The company discussed its 4,000-page application during a public meeting Monday with the Nuclear Regulatory Commission at the NRC headquarters in Rockville, Md. The company is proposing building a reactor just north of the Hope Creek plant, one of three it owns on Artificial Island in Salem County's Lower Alloways Creek Township.
To build the plant, it must secure 84 acres of wetlands from the U.S. Army Corps of Engineers. The agency currently uses the land as a dredge-disposal site, the company's report states.
The company applied in May for an early site permit, which is designed to resolve safety and environmental questions about the proposed location. The company has not chosen a reactor design and has not decided whether it actually will invest in a new nuclear plant.
The NRC's application review is expected to take three years.
The NRC hosted a public meeting last month over the proposal even before PSEG filed its formal application. Testimony was divided between environmentalists who opposed expanding nuclear power in New Jersey and local residents and politicians who supported the jobs and tax revenue a new plant would generate.
"We wanted to get the issue out there," PSEG spokesman Joe Delmar said. "One of the reasons we picked the location we did was it was next to existing plants. Any new plant would have similar impacts as existing plants. From an emergency planning standpoint, the plants operate under the same guidelines."
According to the 136-page environmental report, PSEG also plans to build new 500-kilovolt transmission lines and a new causeway to the island, filling in 45 acres of wetlands and temporarily affecting 24 acres more.
The company rated the expected effects on the environment based on three categories: small, moderate and large.
The only large effect was deemed to the local tax base, since the plant presumably would contribute more in local tax revenue. The power plant pays for all municipal services in Lower Alloways Creek Township, which as a result does not have a local-purpose property-tax levy.
The company found moderate effects to wetlands, to six potential archaeological sites along the proposed causeway, to farmland along the new transmission-line corridor and to local vehicle traffic during plant construction.
The new power plant would have a cooling tower, in keeping with federal regulations for new plants.
Joe Colaccino, branch chief for new reactors for the NRC, said the company worked with the agency for two years to address environmental issues before submitting its application last month.

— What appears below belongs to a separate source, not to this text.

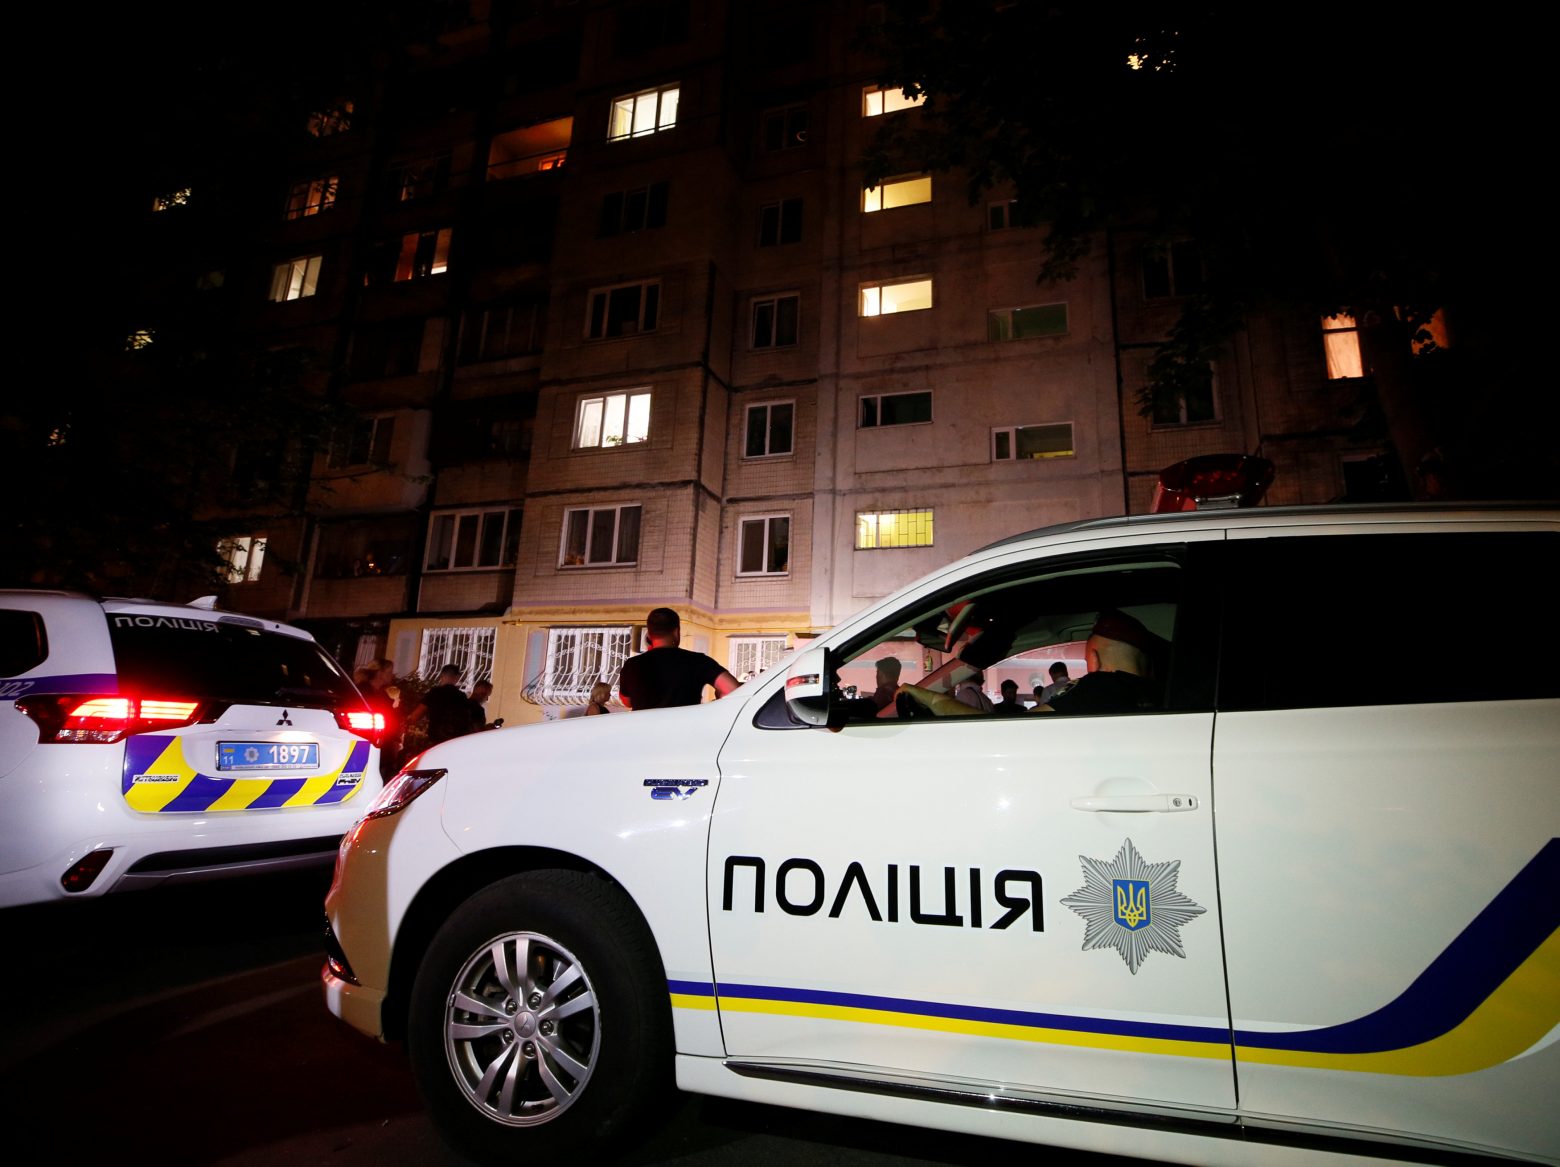 Ρωσία - Νεοναζί ετοίμαζε τρομοκρατική επίθεση στο Βλαδιβοστόκ - Τον συνέλαβαν πριν δράσει

The company traveled the globe in 2007 to study other reactors and determine whether it was feasible to build a fourth power plant on Artificial Island.
The New Jersey chapter of the Sierra Club said it would oppose any plans by PSEG to fill in wetlands, especially since the plant's owners in the 1980s agreed to restore wetlands instead of building costly cooling towers.
"We would vigorously oppose any wetland fill of that size along the Delaware bayshore," spokesman Jeff Tittel said. "The wetlands along the Delaware Bay are critical habitat to make up the massive loss of life from the failure of PSEG to have cooling towers. It's the height of hypocrisy."